*** Opening INPUT DATA ***
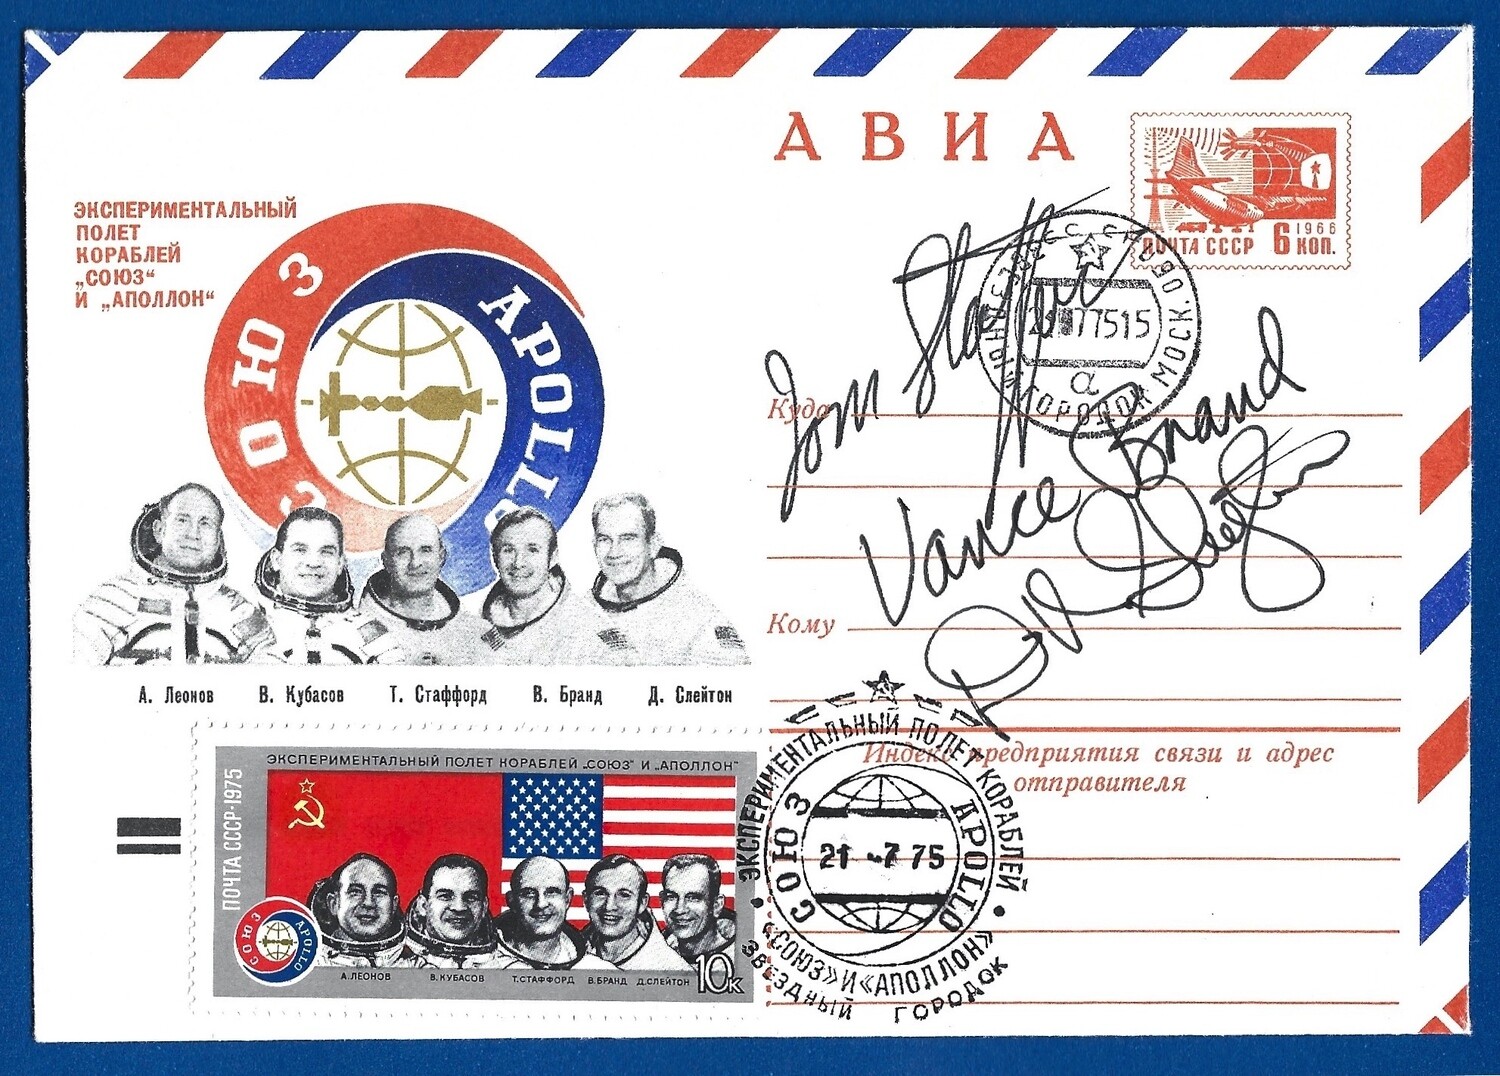 Apollo-Soyuz crew signed envelope
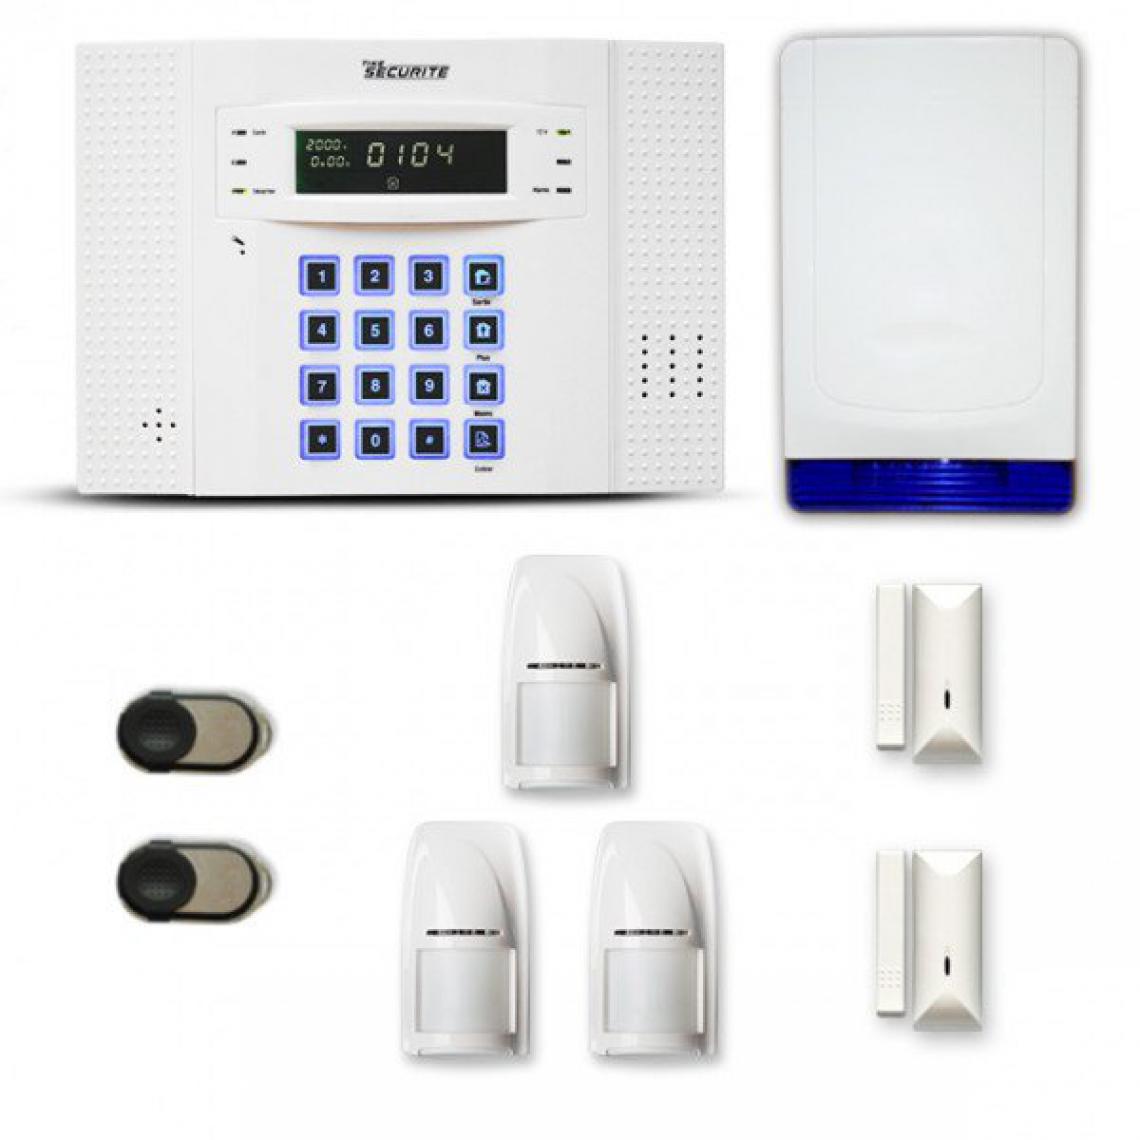 Tike Securite - Alarme maison sans fil DNB35 Compatible Box internet et GSM - Alarme connectée
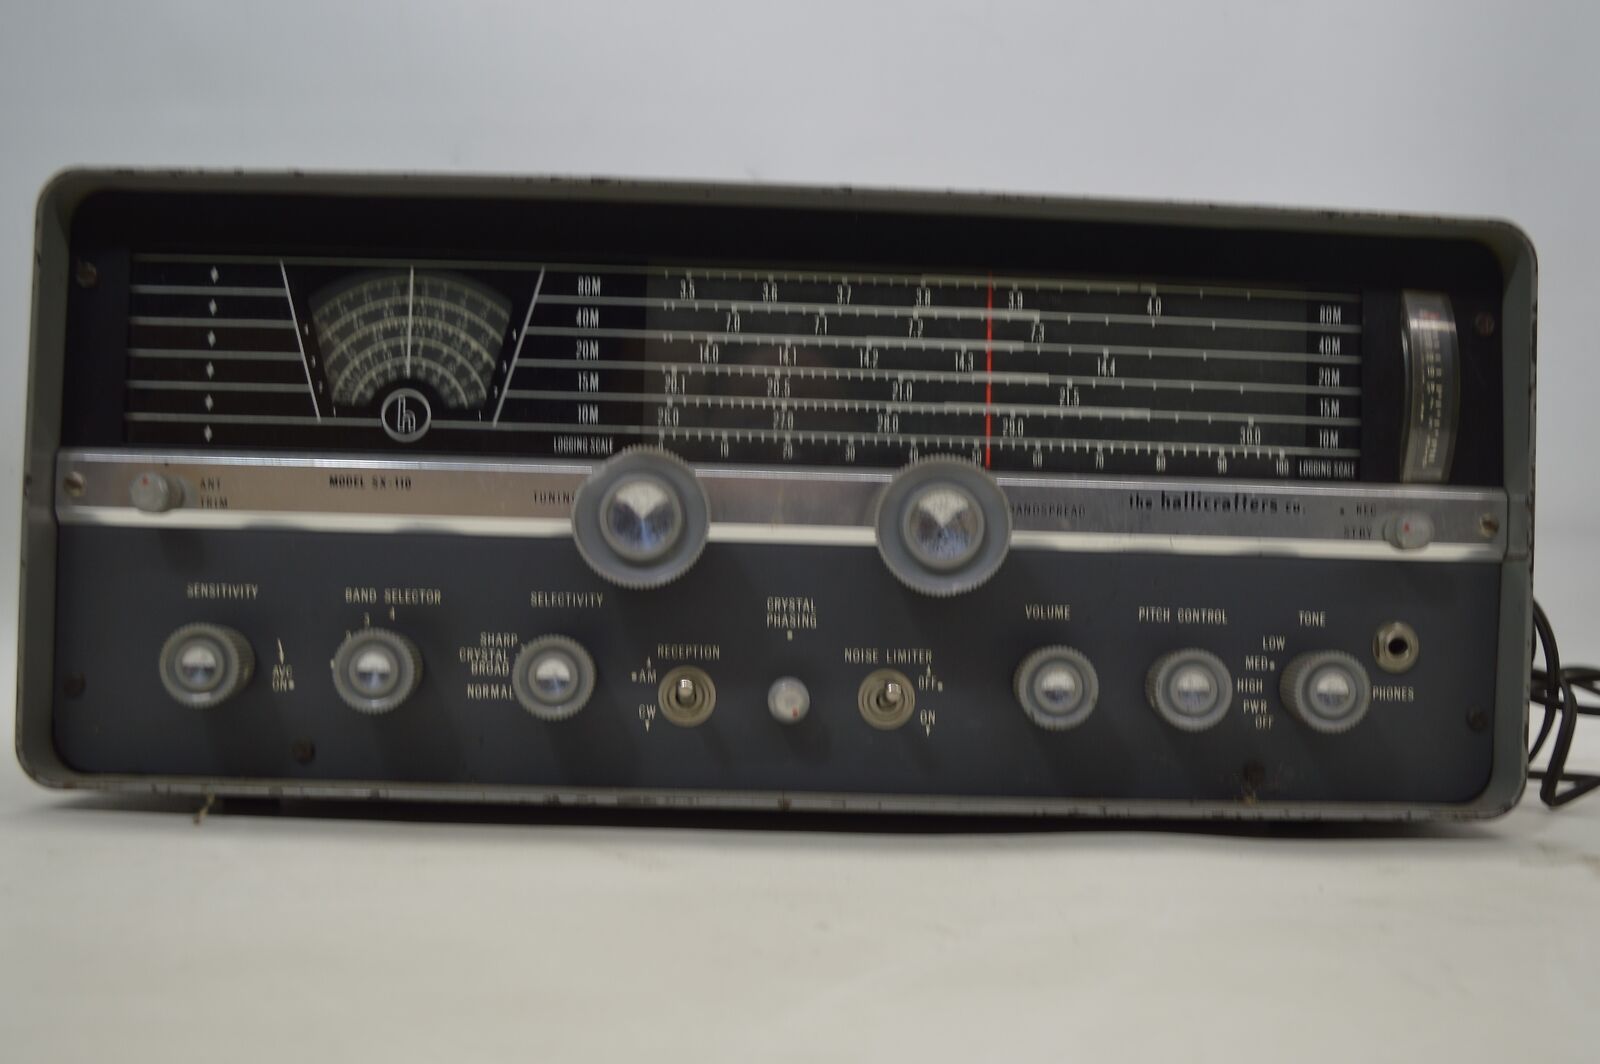 Vintage Hallicrafters Sx-110 Ham Radio Shortwave Receiver
*** Closing INPUT DATA ***
When you set down the material above, keep every word exact and include no pictures.

EXERCISE SOLUTION →
 Apollo-Soyuz crew signed envelope
 Tike Securite - Alarme maison sans fil DNB35 Compatible Box internet et GSM - Alarme connectée
 Vintage Hallicrafters Sx-110 Ham Radio Shortwave Receiver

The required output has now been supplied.